Saturday, May 15, 2010

Gay people are better justices?

Ruth Marcus informs us that gay people make better judges than straight people:
[A gay nominee would improve] the court because -- as with any additional perspective -- an openly gay justice would add to the richness of the court's understanding of cases, particularly gay rights cases, that come before it.
If that sounds like it made sense, then you've been victimized either by groupthink or a manipulative commentator.

After all, she surely doesn't mean what she says--that any additional perspective would be good.
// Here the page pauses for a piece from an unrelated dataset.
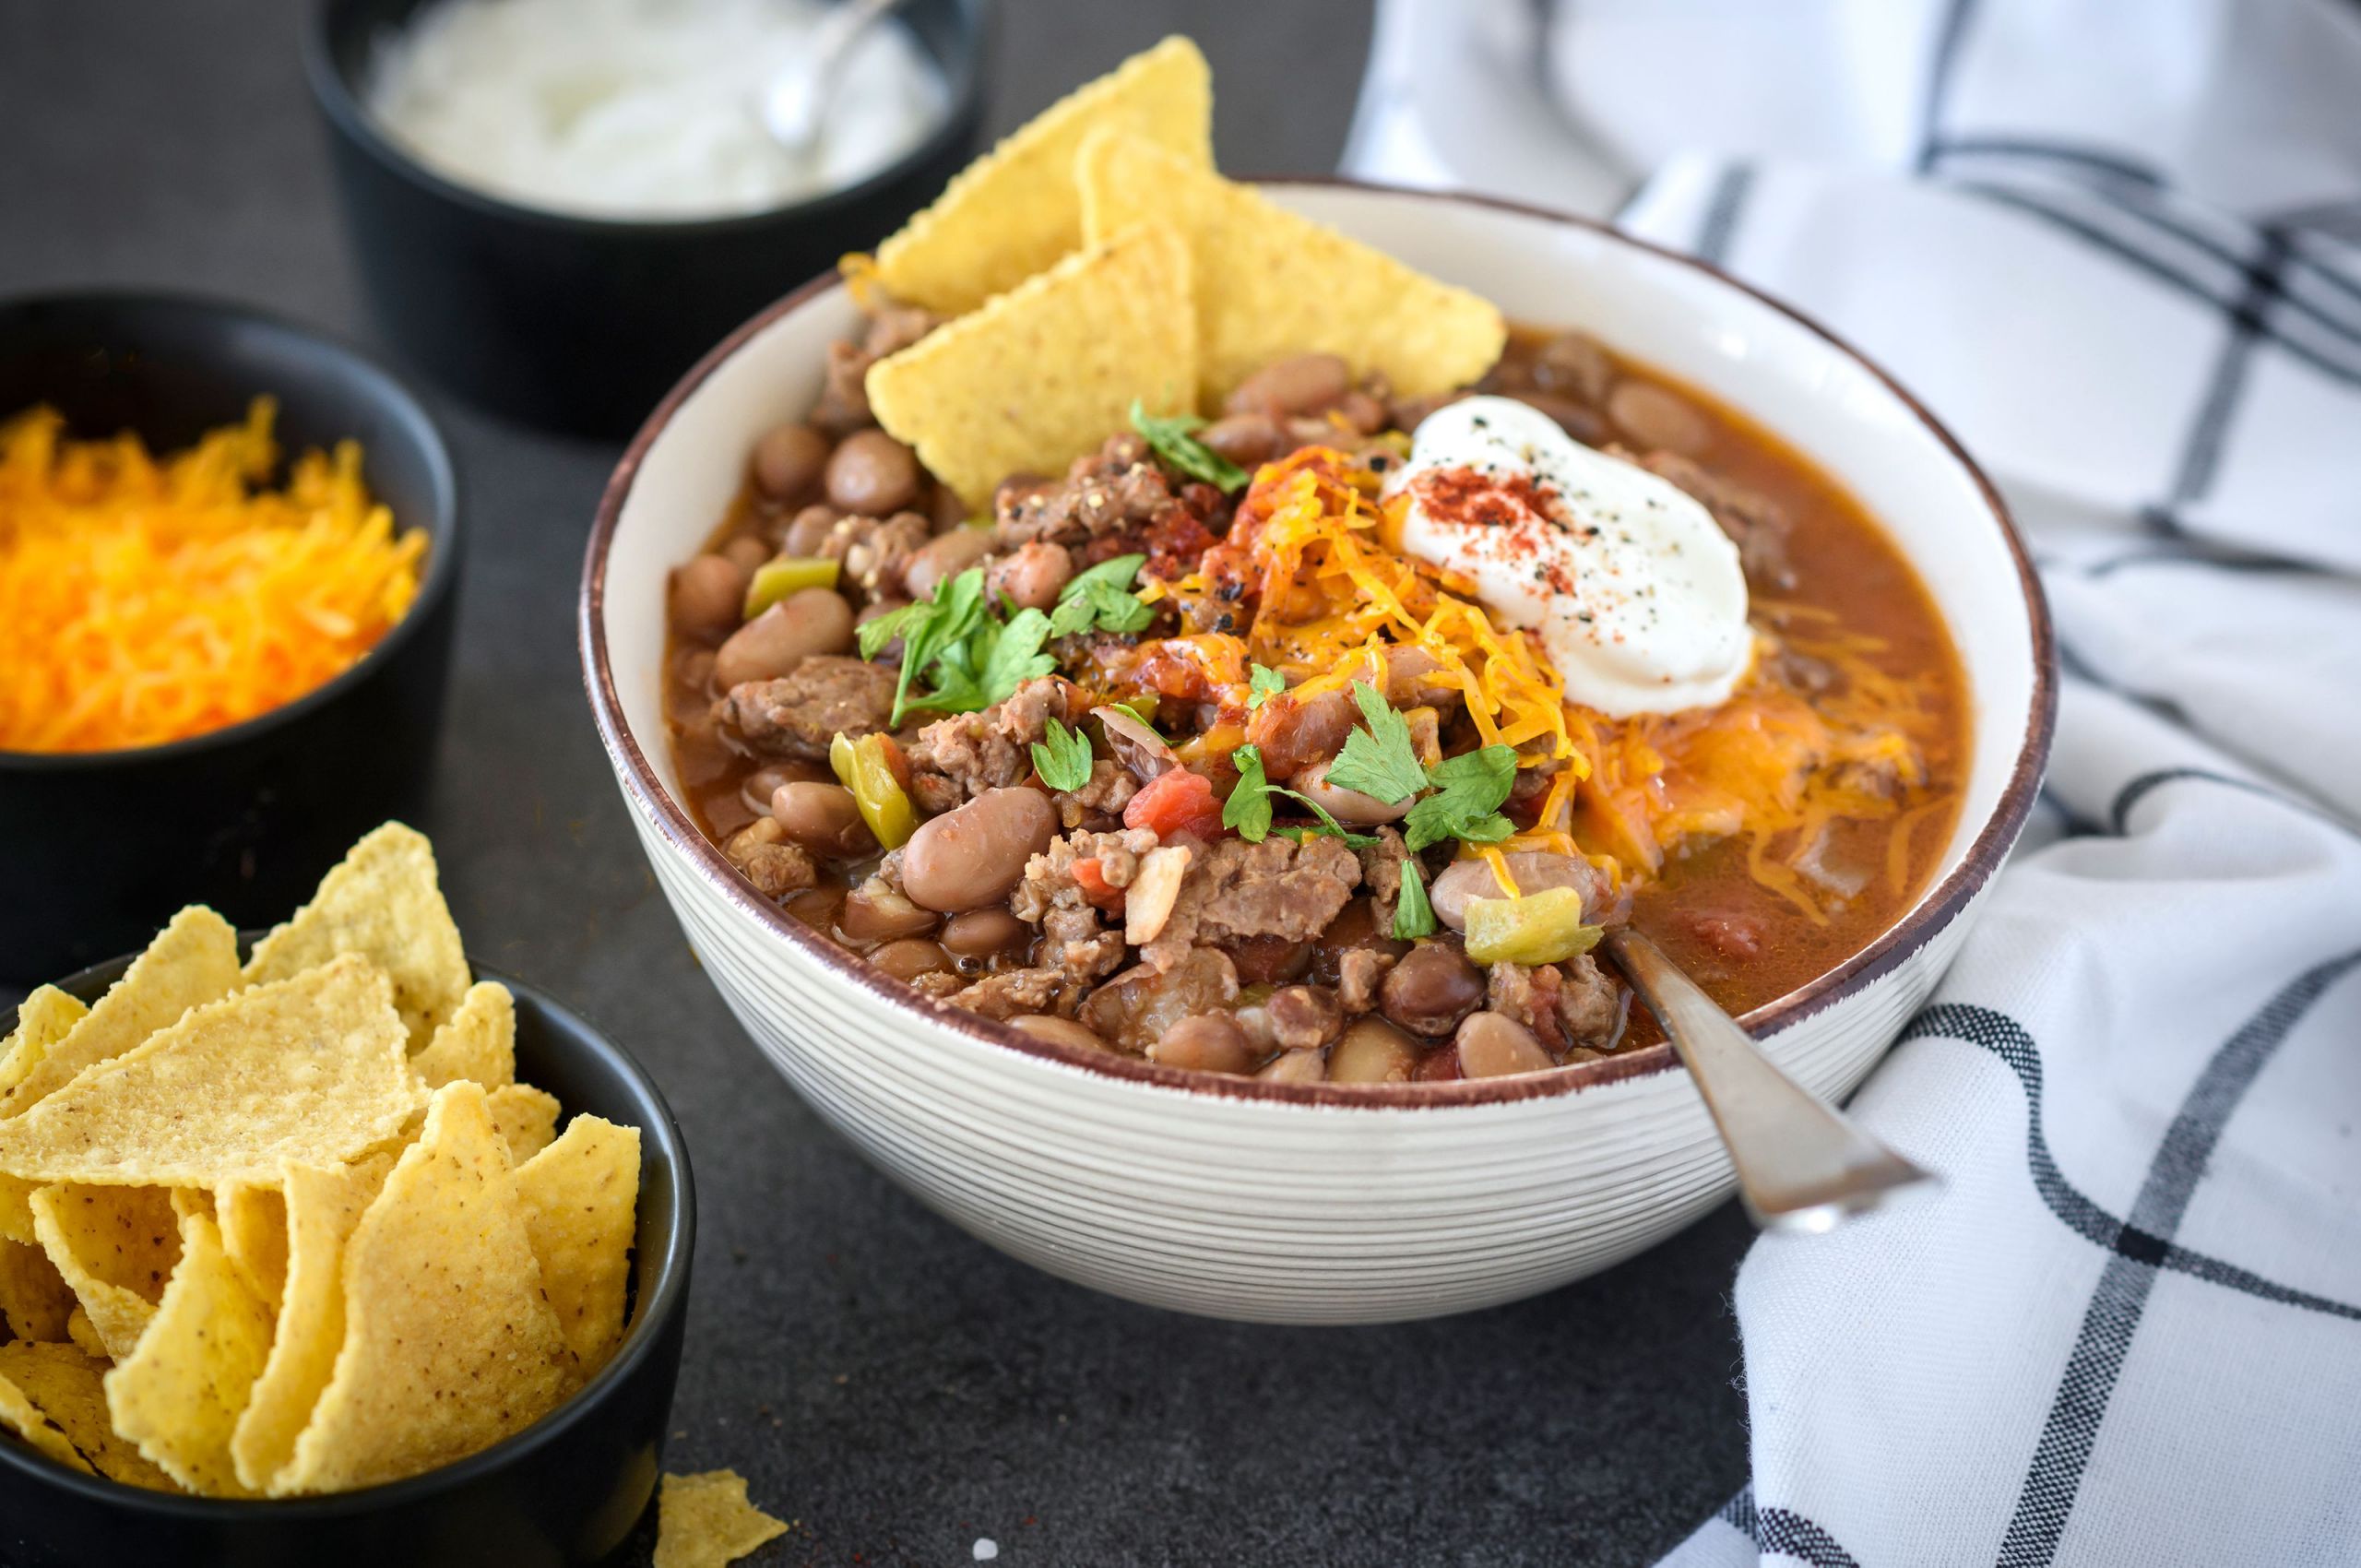 Pinto Beans And Ground Beef Recipe Slow Cooker
 Slow Cooker Pinto Bean Chili With Ground Beef Recipe

If a former member of the KKK got nominated for the court I'd hope that the "perspective" (read: anti-black bigotry) he'd add wouldn't be celebrated in a major paper of record. There are clearly good points of view and bad points of view, so how do you tell them apart?

It seems to me the only way is to know how they will influence a justice's votes. To the extent a perspective makes judge likely to vote for gay marriage, constraints on corporations and affirmative, a liberal will say it's a healthy, necessary perspective. Mutatis mutandis for conservatives. So, in translation, Ruth was saying "a gay person will make a good judge because gays tend to be liberal and liberals are good justices." Now suppose you were a conservative, do you find that argument convincing?

So my question is "how do smart people end up writing such tripe?" Was she a victim of groupthink in D.C. or did she know she was just jerking people around?